The chip also uses technology developed for vertical bit lines in flash arrays, allowing ReRAM to scale to many-layered structures of memory (current flash arrays can be have more than 100 layers).
CMOS layers at the bottom of the chip represent neurons. Columns built using the vertical bit lines borrowed from flash arrays represent axons. The columns are then coated in a memristive material. Randomly configured dendrites link the axons, connecting neurons to each other (the point where a dendrite in any layer touches a column can be thought of as a synapse).
“It’s very brain-like, honestly, and we are quite proud of that,” Rain Neuromorphics CTO Jack Kendall told EE Times. “It’s the same structure as axons and dendrites in the brain. We don’t think you can get much better than this.”

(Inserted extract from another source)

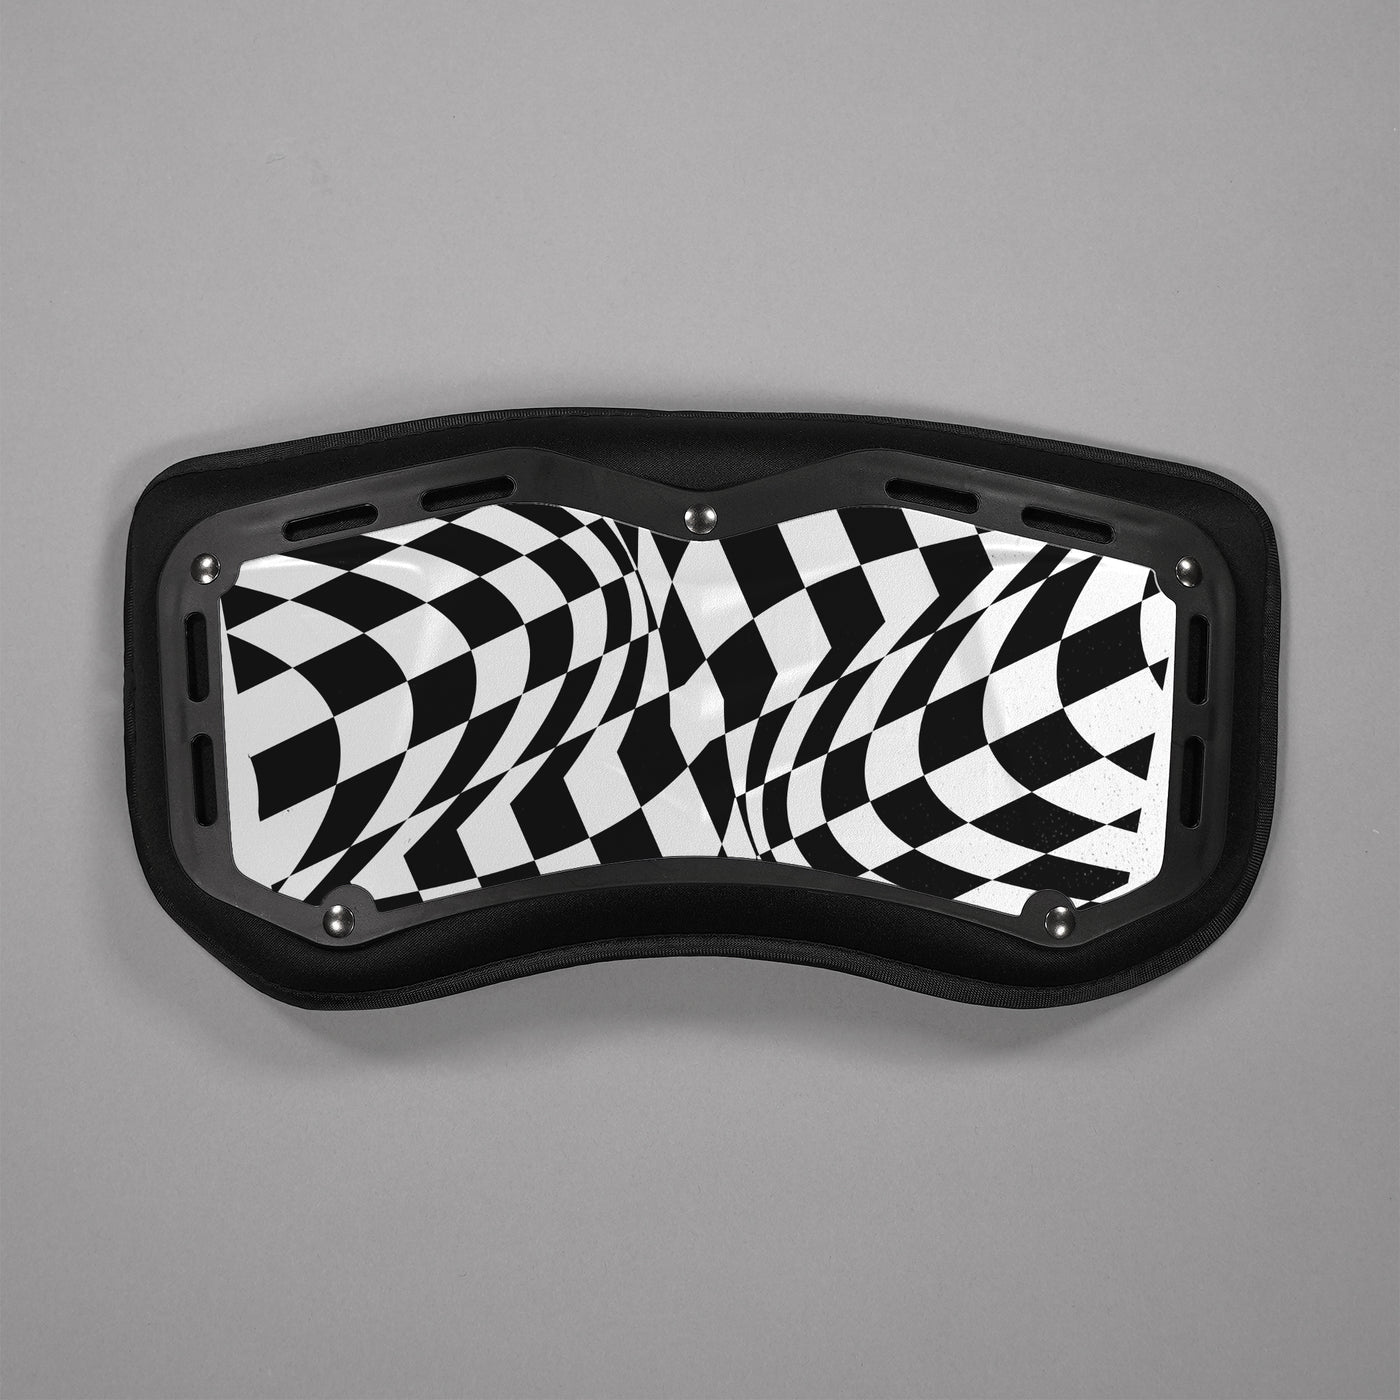 Warped Checkered Sticker for Back Plate

Why are the dendrite connections randomly dispersed throughout the chip?
“The reason randomness is important is if you have a very large neural network, you want to maintain a certain level of sparsity,” Kendall said. “But which neurons do you pick? If you pick in a controlled way, in a lattice or a regular pattern, you’re introducing a huge amount of bias or assumption into how you think that information should be processed, but that’s contrary to the entire goal of learning.
“The goal of learning should be to discover that pattern.”
“Random” isn’t quite correct. In fact, “randomly” distributed dendrites are the same in each chip since they are defined by the lithography mask used to make each layer. Some level of structure may also be introduced. One strategy is to introduce more short- than long-range connections, similar to connections in the brain. Rain’s algorithm will eventually determine the best connection patterns, but for now the company is focused on two approaches.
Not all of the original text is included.